Even darker days for Nigeria as power supply gets worse

Even darker days for Nigeria as power supply gets worse

LAGOS - Agence France Presse

AFP Photo

Even at the best of times Nigeria ranks among the lowest countries in the world for energy consumption, and production is currently at historic lows

Taxi motocycles wait for passengers under electricity cables on the Apapa - Oshodi expressway in Lagos, while students study with a kerosene lamp due to epileptic public power supply in the Nigeria’s capital city (inset). AFP photos

alogun Shakirat woke up with a start at 3 a.m. and put on the light in her workshop in a crowded working class district of Nigeria’s commercial capital, Lagos.

In the following three hours, she was able to sew shirts, trousers and a jacket. Then the electricity supply went off again.

“No light the whole day today,” she complained.

Instead she stitched the hems of traditional Yoruba hats with a needle at her overheated single-story house and waited for night to fall. “NEPA brings light at night these days,” said Shakirat, referring to the National Electric Power Authority, or, as it’s often been called, “Never Expect Power Always.”

The electricity provider hasn’t existed for years under the name NEPA, but it’s still talked about like a person, its presence or absence dictating the rhythm of Nigerian life.

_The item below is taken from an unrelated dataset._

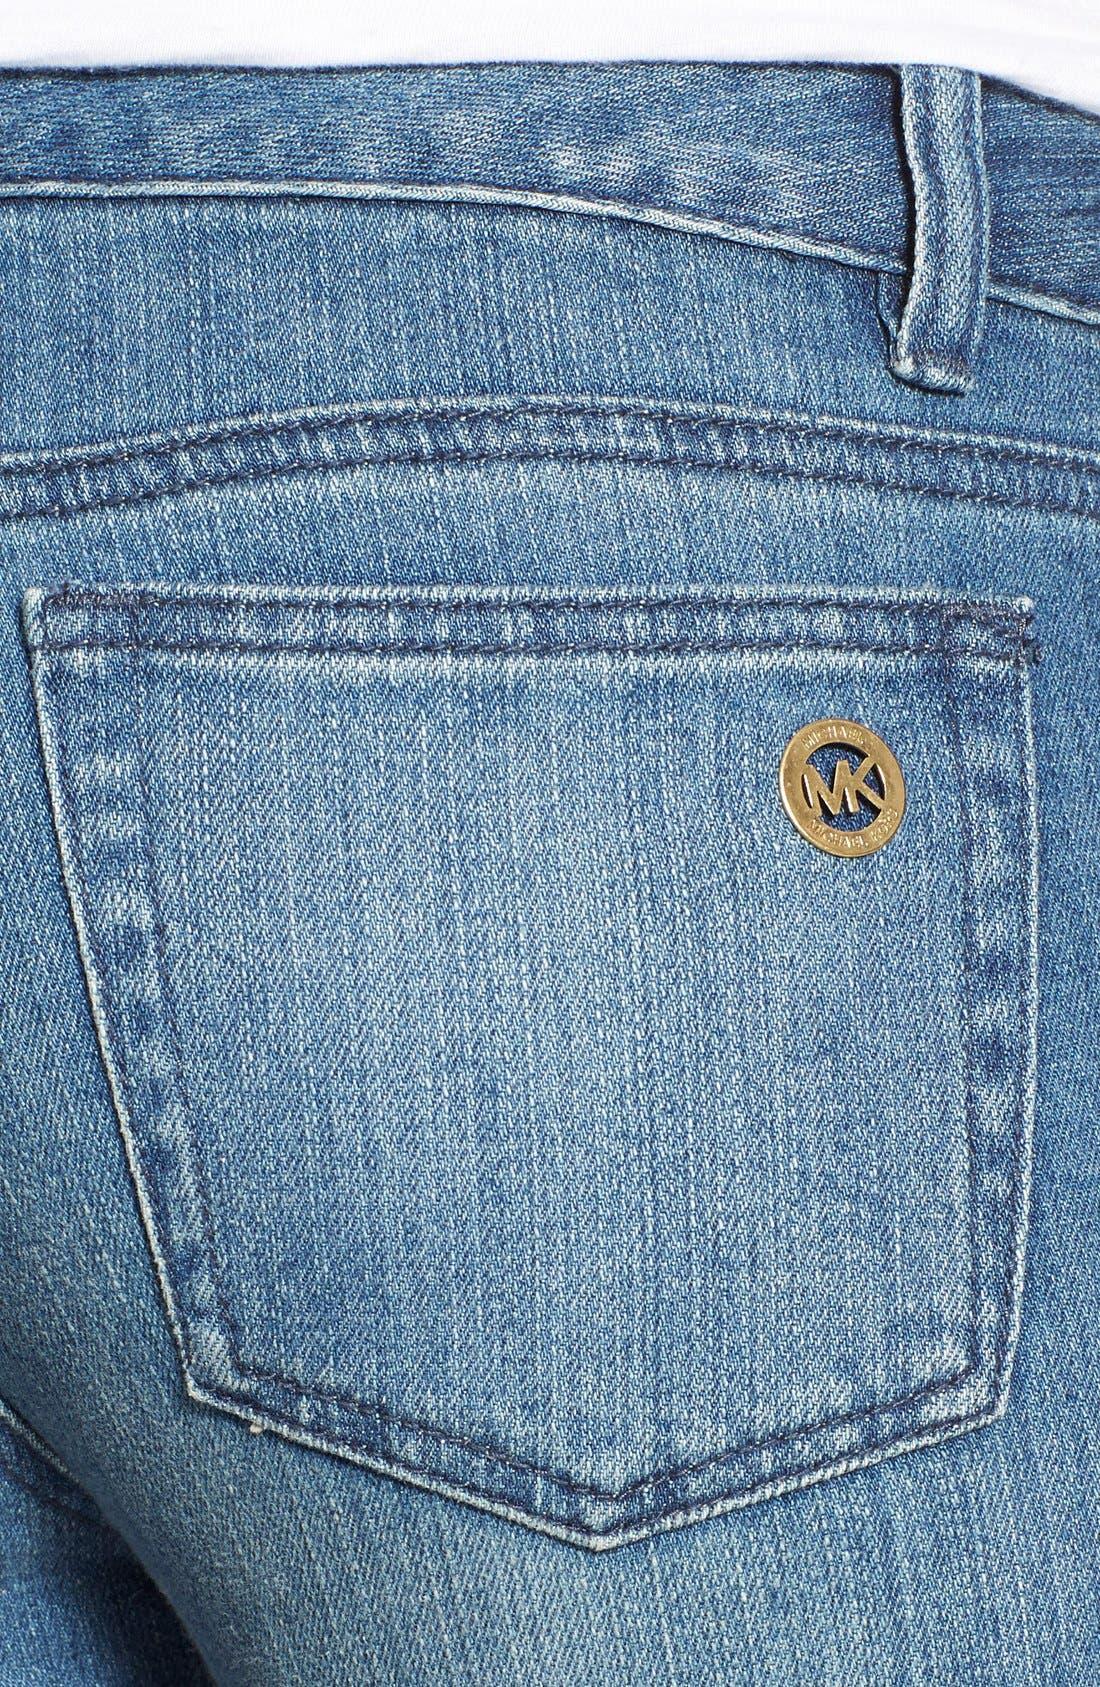 Alternate Image 4  - MICHAEL Michael KorsStretch Zip Pocket Ankle Skinny Jeans(Veruschka)

Even at the best of times Nigeria, which is home to more than 170 million people, ranks among the lowest countries in the world for energy consumption at just 155 kilowatt hours per person.

But these are not the best of times: Production has wavered for the last few months between 1,500 to 4,000 megawatts.

In comparison, South Africa, which has three times fewer people, capacity is more than 10 times greater at 45,000 MW. Between 8,000 and 9,000 MW is the bare minimum considered necessary for Lagos’ economy to function.

But the megacity only gets about 10 percent of what it needs, leaving its 20 million or so inhabitants to their own devices.

The richest use top-of-the-range inverters and huge diesel-powered generators to guarantee as much uninterrupted supply as possible. The less well-off have smaller generators that are used sparingly because of the rising cost of fuel; the poorest are stuck with kerosene lamps.

In Obalende, Shakirat said the power situation is affecting her business.

“Before I could make 30,000 naira a week ($95. Now it’s 10,000 because of NEPA. It’s since April. We don’t know why,” she said.

In fact, April was when the Niger Delta Avengers group conducted its first major attacks in the creeks and swamps of Nigeria’s oil-producing south.

The rebels have since regularly blown up energy infrastructure and promised to bring Nigeria to its knees as long as its demands are not met.

On Sept. 25, Shell was forced to shut down the Trans Niger Pipeline, which feeds the Afam VI electricity power station in Rivers state. As yet, none of the alphabet soup of armed groups sabotaging the region’s oil and gas infrastructure has claimed responsibility for the attack. But last week, the NDA said it had blown up the key Bonny pipeline, breaking a cease-fire it had declared a month before.

Dallas Peavey, the executive director of Egbin Power, the biggest electricity power station in Nigeria, has blamed government policy for the situation and had a stark warning for the future.

“It’s going to be dark in Nigeria soon,” he was quoted as saying in a recent newspaper interview.

New players took advantage of the liberalization of the power sector in 2013 and invested in Nigeria, which because of its huge need for electricity, was seen as an eldorado. But three years later, oil prices have plummeted on the world market, hitting Nigeria hard given that crude export sales account for some 70 percent of government revenue.

Foreign exchange is in short supply, the economy in recession and the turbines of Egbin are now running at only 30 percent capacity because of the attacks in the delta. “We are owed over 86 billion naira by the federal government. We have been producing but we haven’t been paid for almost six months,” said Peavey.